Assigned task:
Exactly the lines below, starting with the one containing "Willow Tree Figure - The Quilt" and going on through the one containing "GMC Sierra leather", must be reproduced, both ends included, and no pictures with them.
** Opening Provided information block **
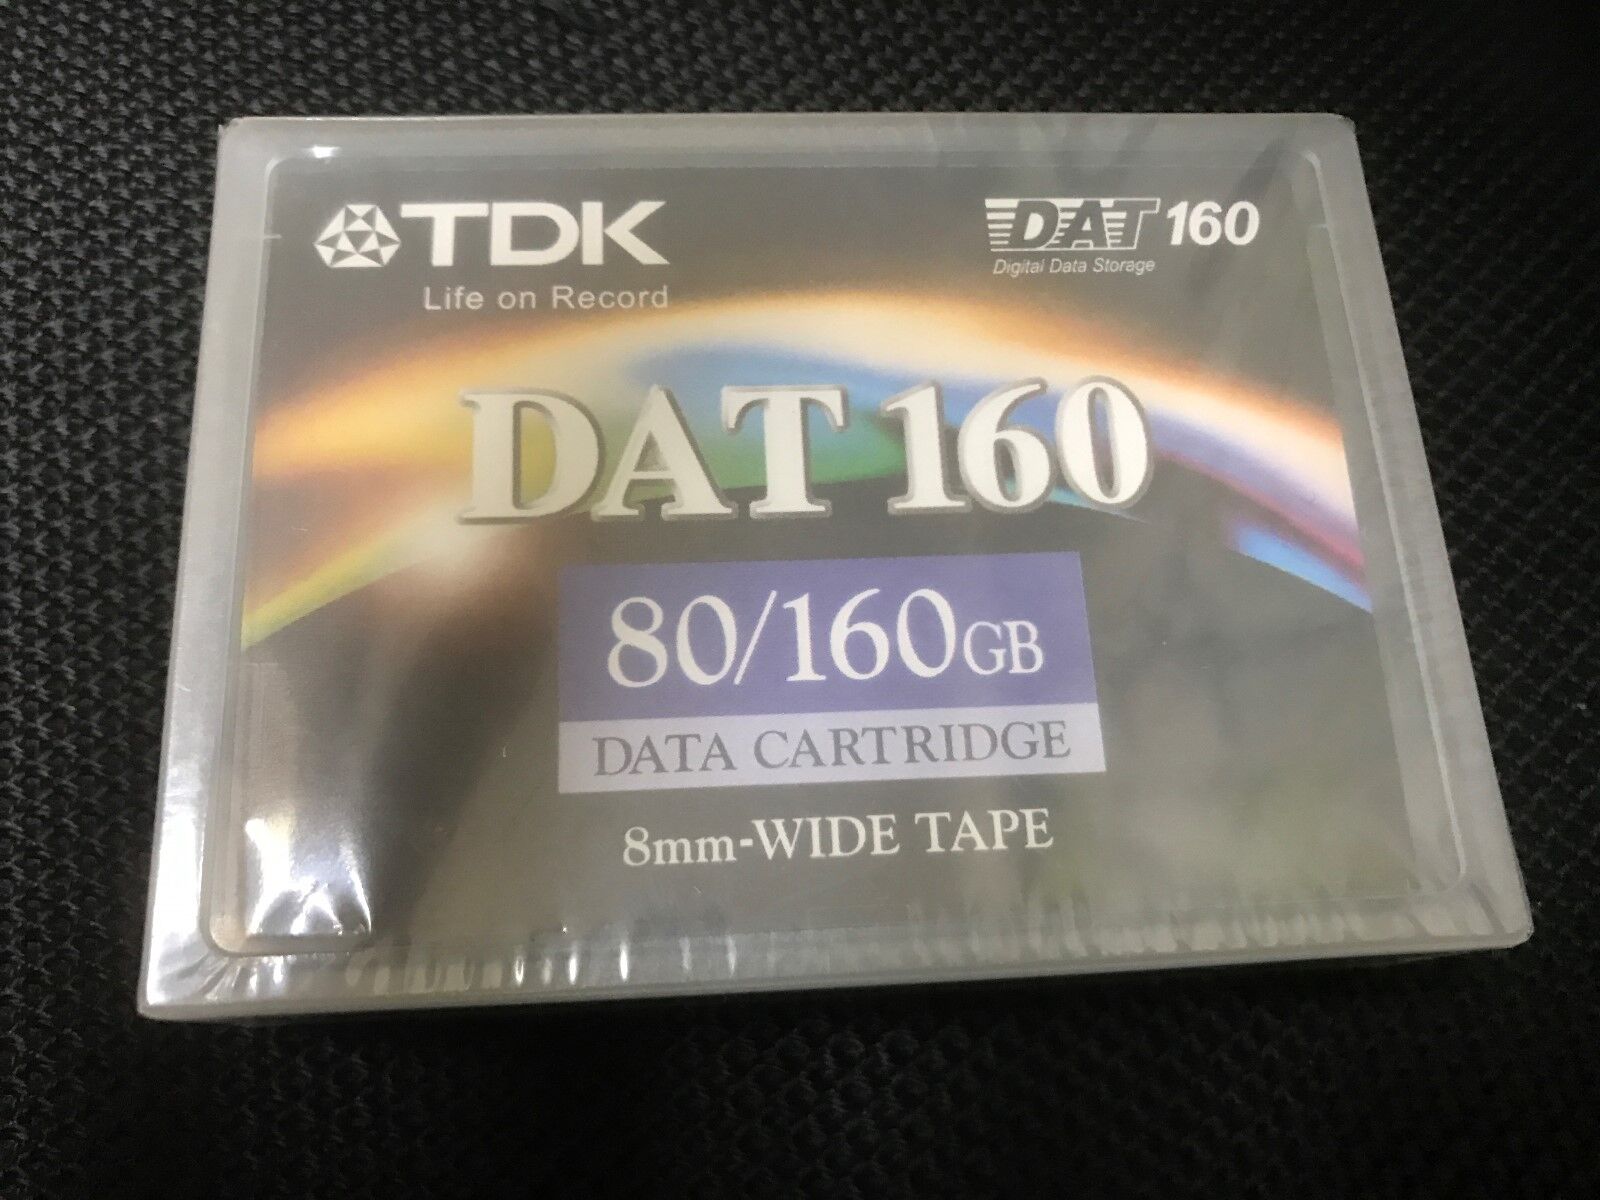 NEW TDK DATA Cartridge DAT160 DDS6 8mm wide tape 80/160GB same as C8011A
** Closing Provided information block **
** Opening Provided information block **
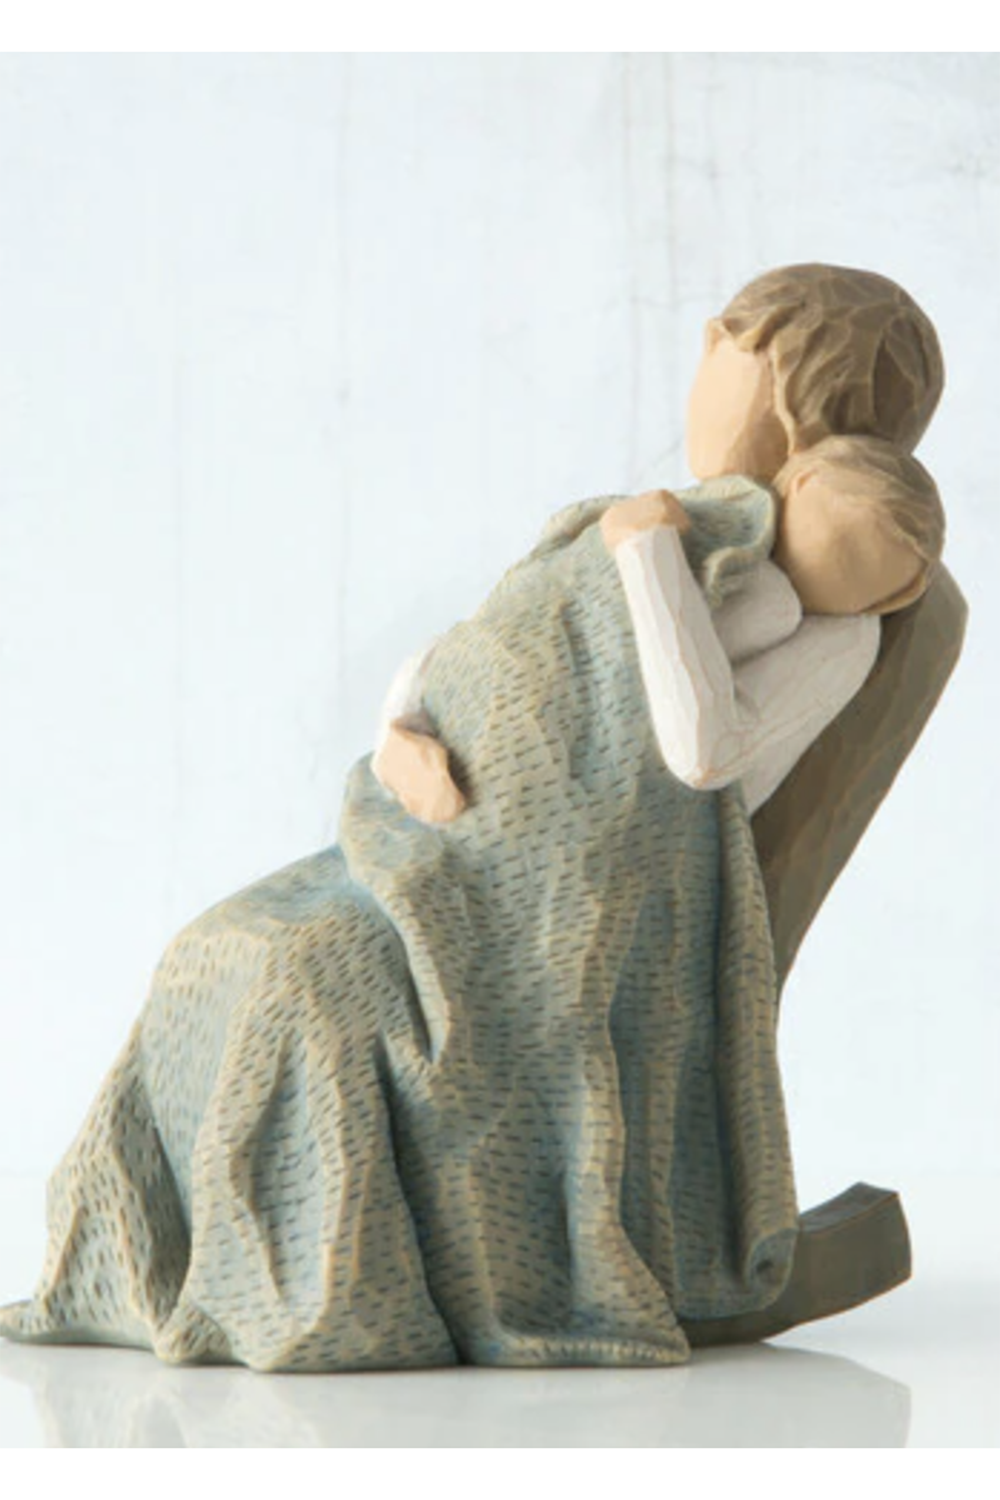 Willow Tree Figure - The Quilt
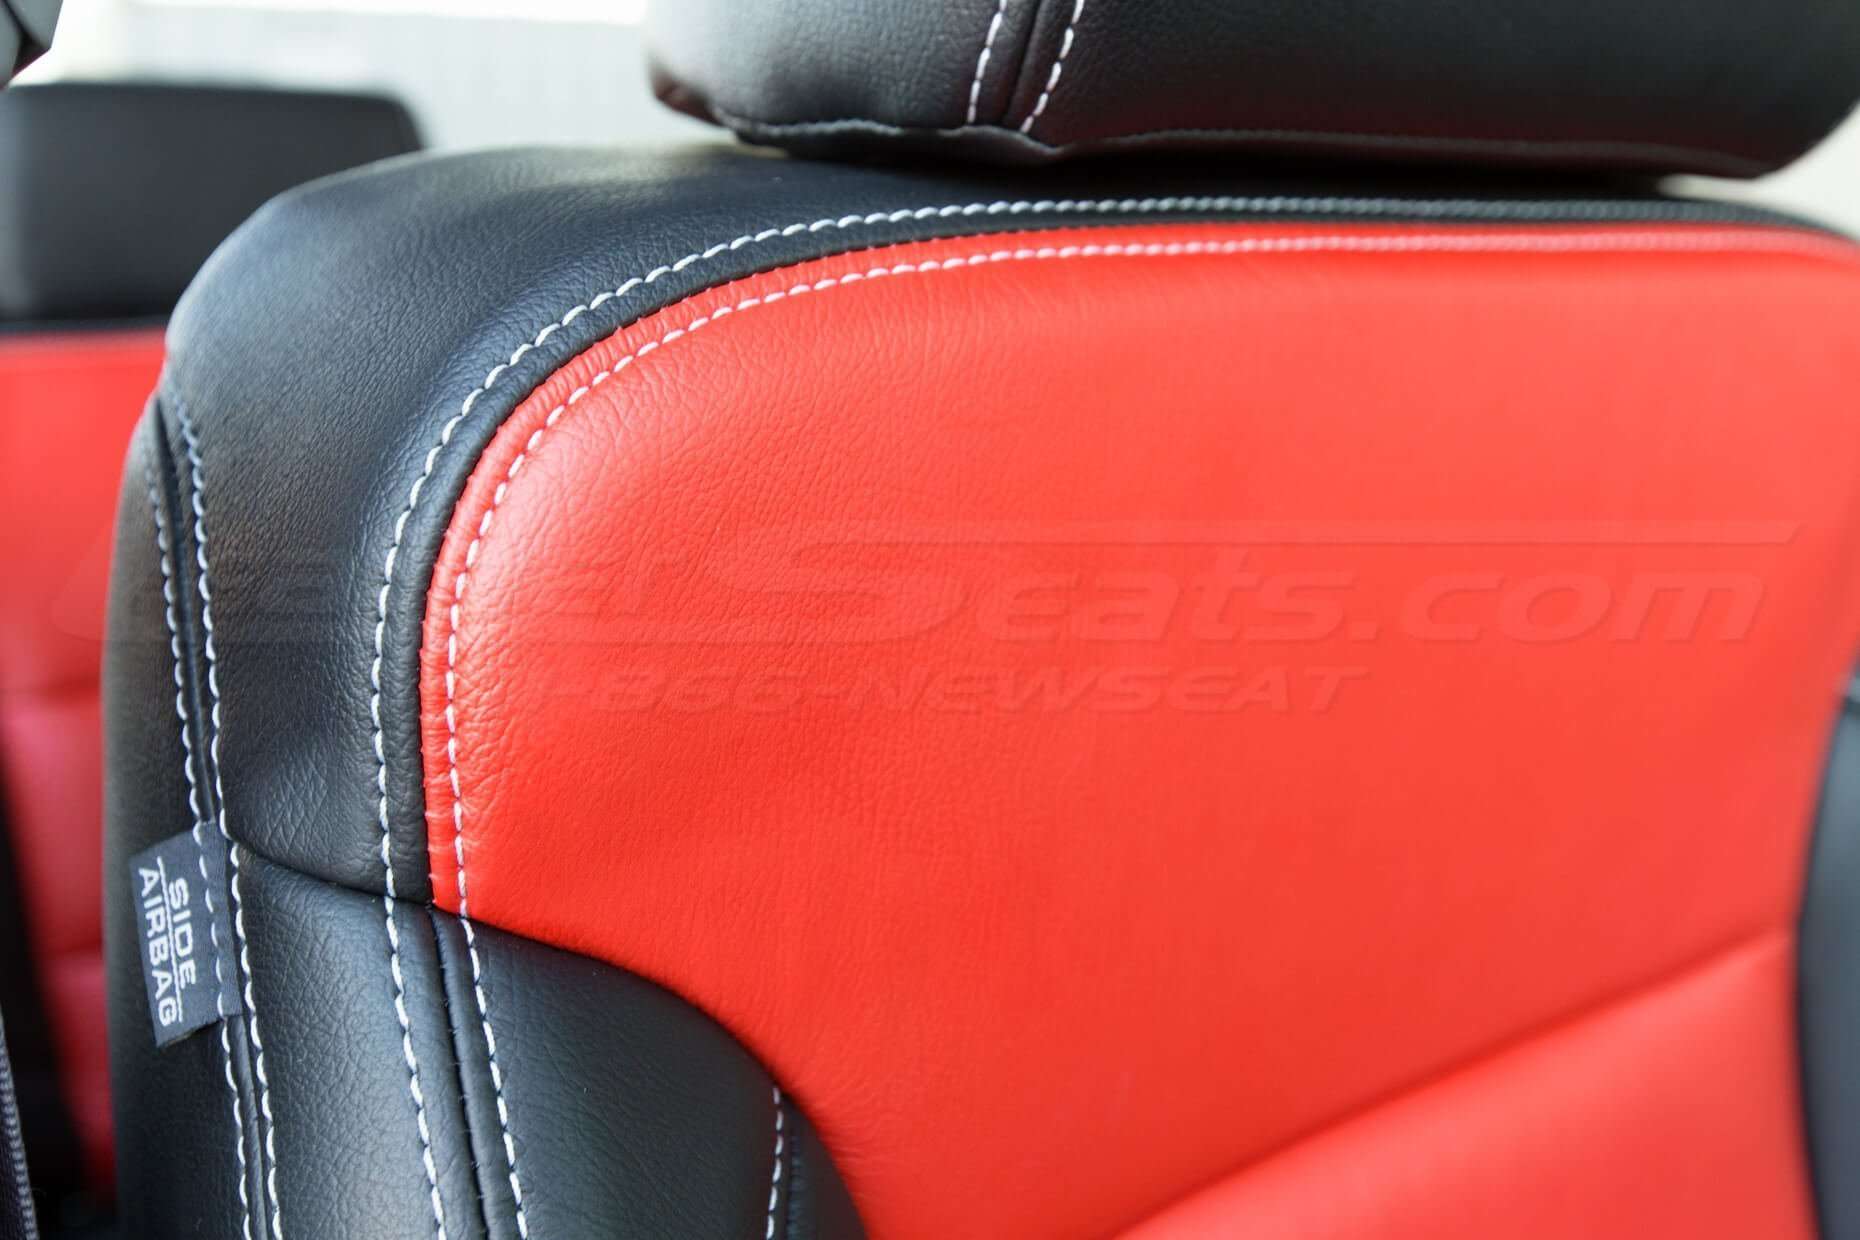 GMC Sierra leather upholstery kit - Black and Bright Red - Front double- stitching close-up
** Closing Provided information block **
Reply:
 Willow Tree Figure - The Quilt
 GMC Sierra leather upholstery kit - Black and Bright Red - Front double- stitching close-up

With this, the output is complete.